On the other hand if you want lazy behaviour you can make your function accept a closure end evaluate it when you need the result.

Fibres

Felix supports shared memory concurrency with conventional pre-emptive threads. However within each thread a collection of fibres may run.

Fibres are logical threads of control which communicate with other fibres using synchronous channels, as well as shared memory. Fibres interleave execution in a pthread under program control: I/O operations on channels cause the current fibre to be suspended until at least a matching opposite operation of another fibre. Reads match writes, so a reader will suspend until a write provides the data it is waiting for, writers suspend until there is a reader to consume the data it provides.

In a fibrated system all events form a total order: fibration is a sequential programming technique in which pieces of the program suspend of their own volition, and are resumed by a scheduler at the earliest when their I/O requirement is met.

Fibres communicating with anonymous channels cannot deadlock, deadlock is a legitimate method of suicide. When a fibres starves for input, or blocks for output, which cannot arrive, the fibre is removed (by the garbage collector) and so a deadlock is equivalent to the fibre exiting.

The details are beyond the scope of this brief description and can be found elsewhere.

Asynchronous Event Handling

Felix has an asynchronous event handling system which currently supports two kinds of events: timeout of an alarm clock, and socket readiness notifications.

When utilised a separate system pthread monitors timers and sockets using the best available technology for the current platform: it chooses between select, poll, epoll, kqueue, Windows completion ports and Solaris completion ports.

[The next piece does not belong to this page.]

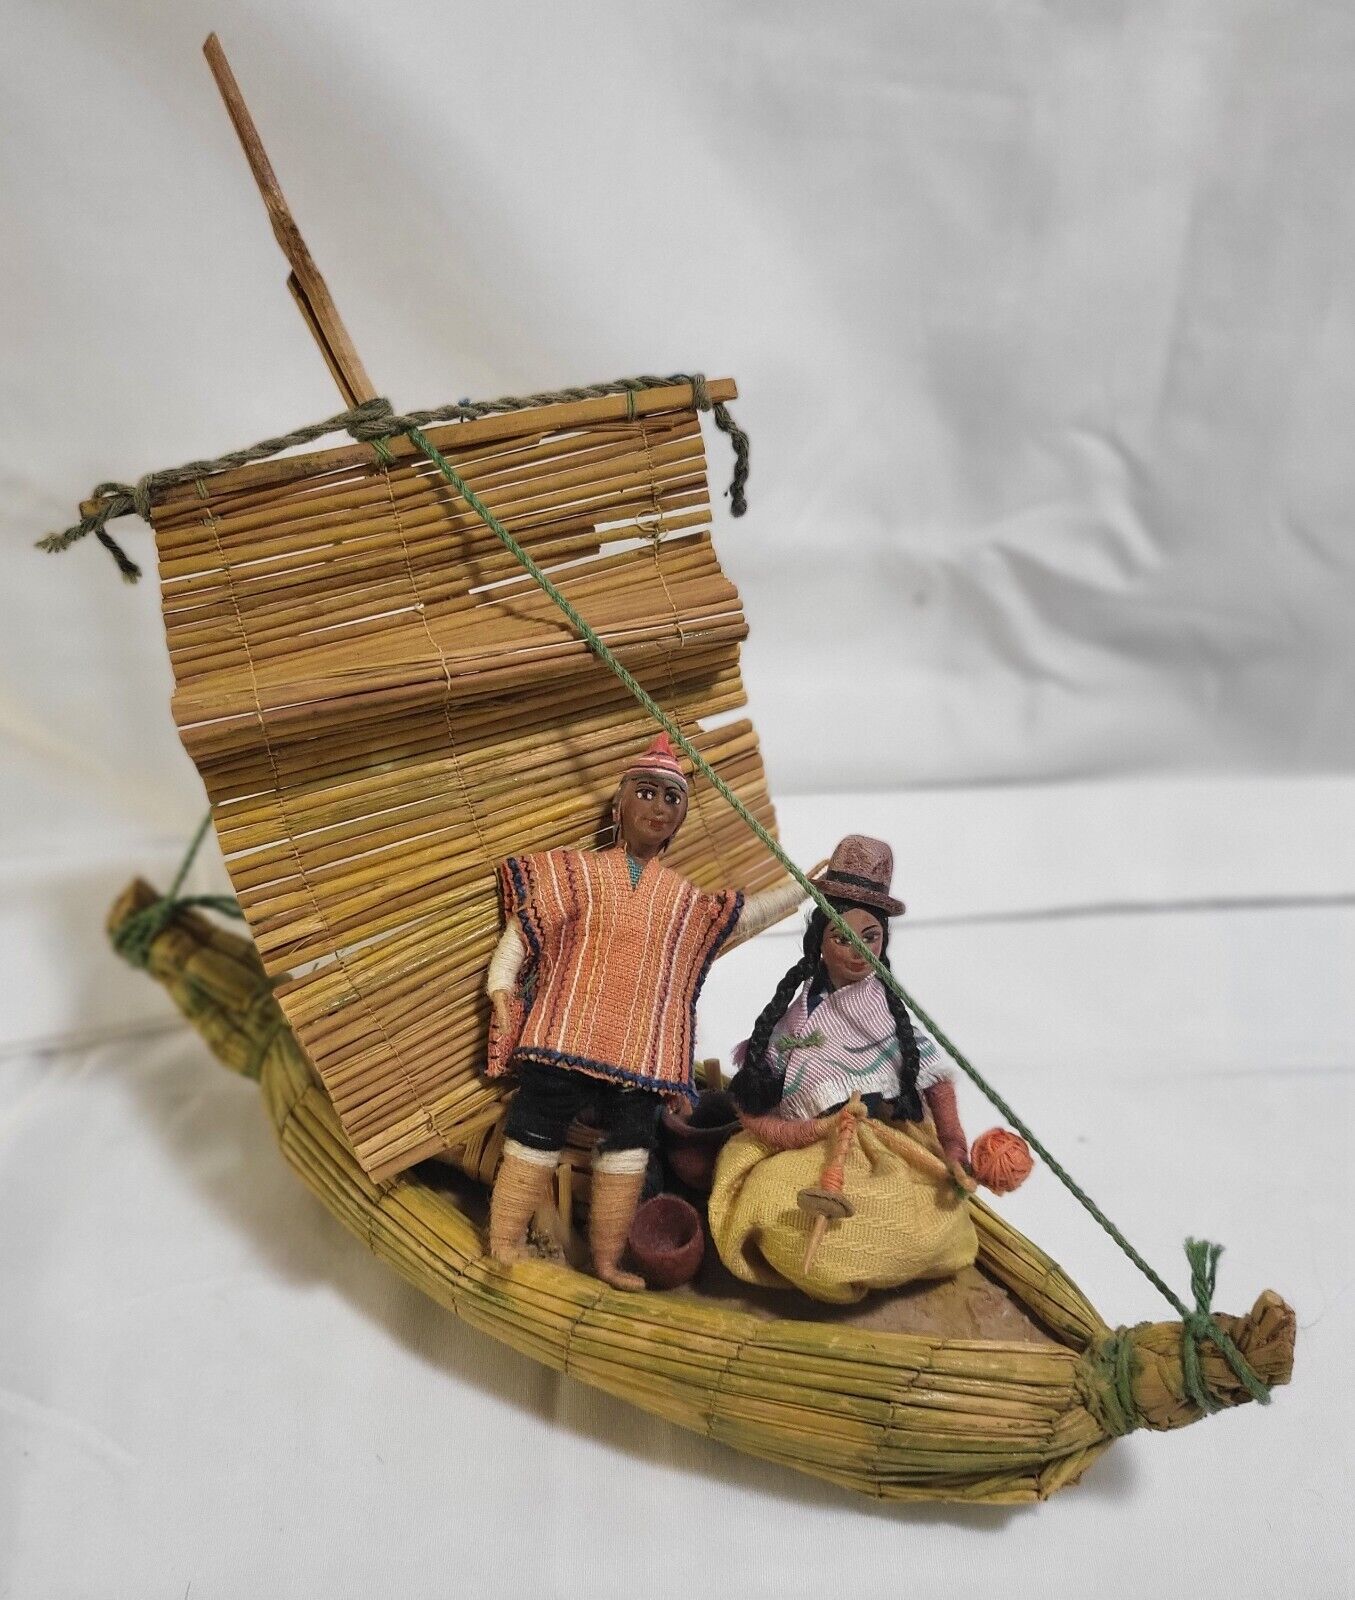 Vintage South American Hand-Crafted Reed Wicker Boat People Bolivian

When a coroutine waits for a clock alarm, or requests a socket read, write, or connection, its fibre is blocked until the alarm triggers, or the requestion socket I/O operation is complete. However other coroutines running on the same pthread do not block.

Garbage Collection and Threads

Felix runs with a garbage collector. Use of the collector is “optional” in a certain sense. The collector is a naive world-stop mark/sweep variety, with a parallel mark algorithm.

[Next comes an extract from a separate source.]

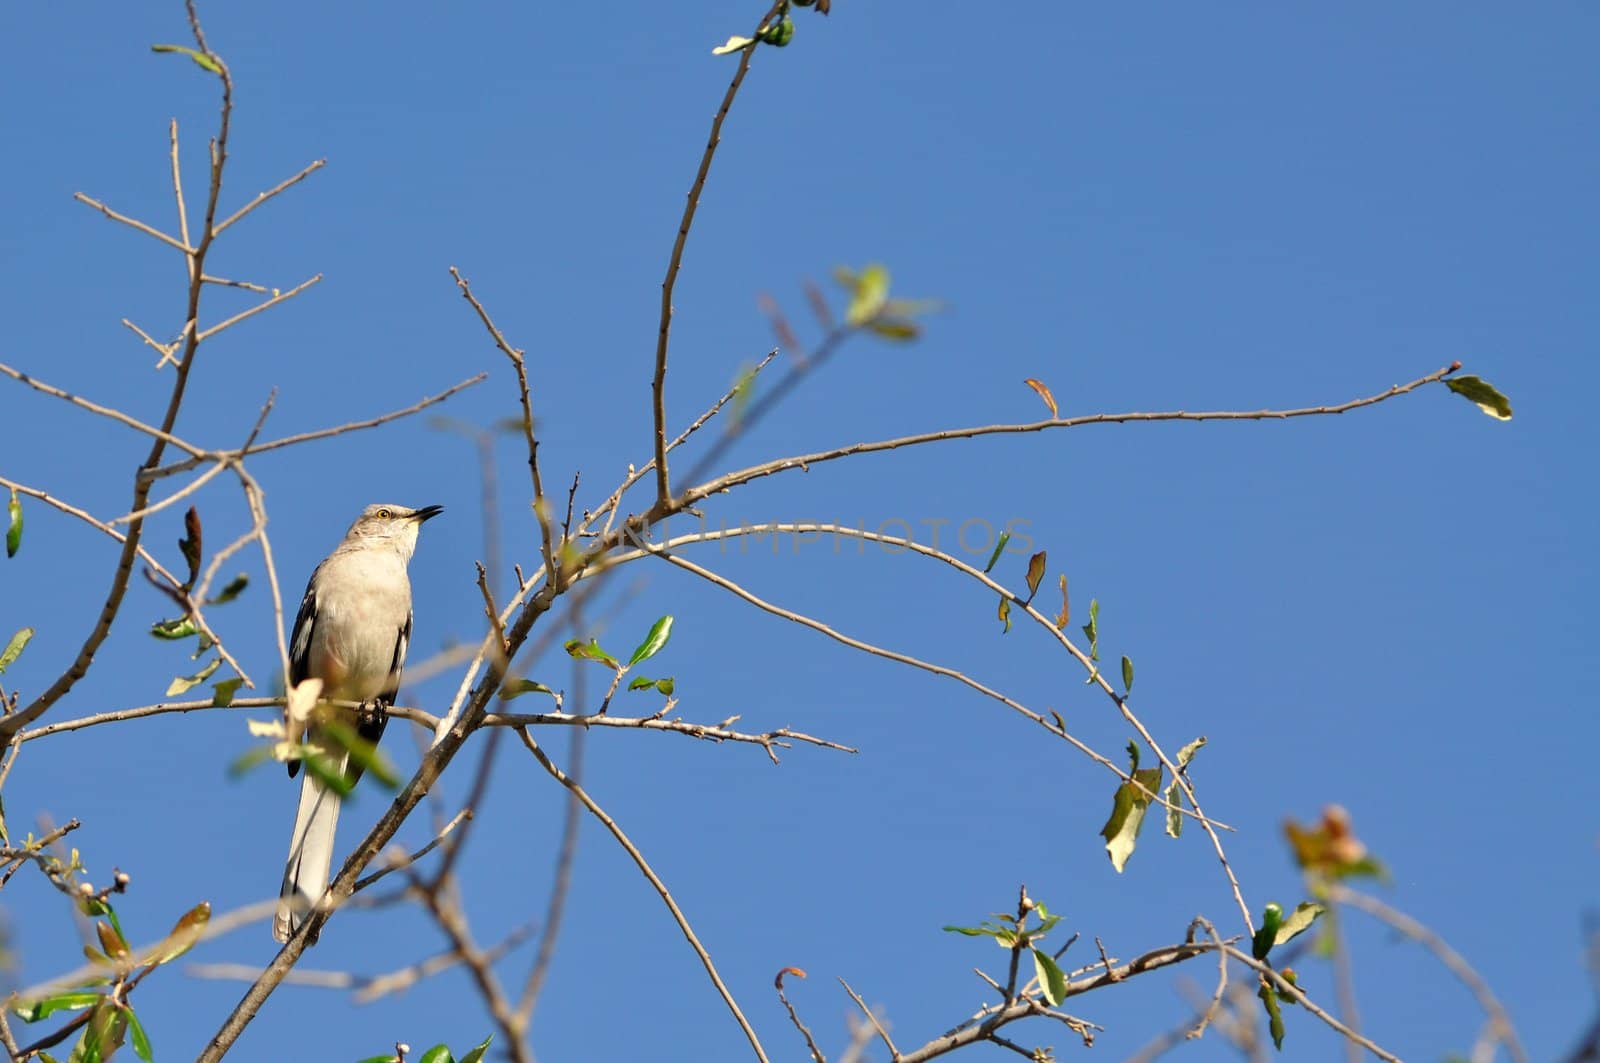 A mockingbird sings while perched on a tree.

The collector can be called manually, or is triggered by an attempt to allocate memory when a threshold is reached. Felix uses an allocator which itself calls the C library malloc. The collector is precise with object allocated on the Felix heap, tolerates but cannot scan objects allocated on the C heap, and conservative on the machine stack.

When a collection is triggered it must wait until all threads stop. Threads will stop only when they attempt an allocation or explicitly check for the GC pending flag. Because of this Felix provides its own versions of synchronisation primitives such as mutex and semaphores. Raw system primitives can only be used with knowledge of the memory and execution model. For example a raw mutex is fine provided the scope of the lock does no allocations and completes in bounded time. The Felix mutex is actually a spin lock that checks the GC flag whilst spinning (and also inserts an small OS based sleep in the spin loop to encourage the holder of the lock to run and complete.

Closures

It is important to note variables including `val`s are part of a stack frame object which may be allocated on the heap and the capture is via a pointer to the whole frame. This means when a closure is executed, the value of the captured variable is the value current at the time the closure executes and not the value at the time of capture.

For example:

var x = 1;
var g: (1->0)^3;
noinline proc f (y:int) () { println$ y; };
for i in 1..3 do
  &g.(i - 1) <- f x; // capture value x in y
  ++x;
done
for i in 1..3 do
  g.(i - 1) (); // prints 1,2,3
done

Without the noinline Felix is too smart and the variable y is inlined to the mainline, so there is only one copy, when you run the script, it prints 4,4,4. If you just change the parameter to var y:int to force eager evaluation, it prints 3,3,3.

Capture by address is not a design fault, it is in fact the only option. Just consider:

var x = 1;
fun getx() => x;
++x;
println$ getx();

You would be surprised if this printed 1! You expect the function to report the current value of x.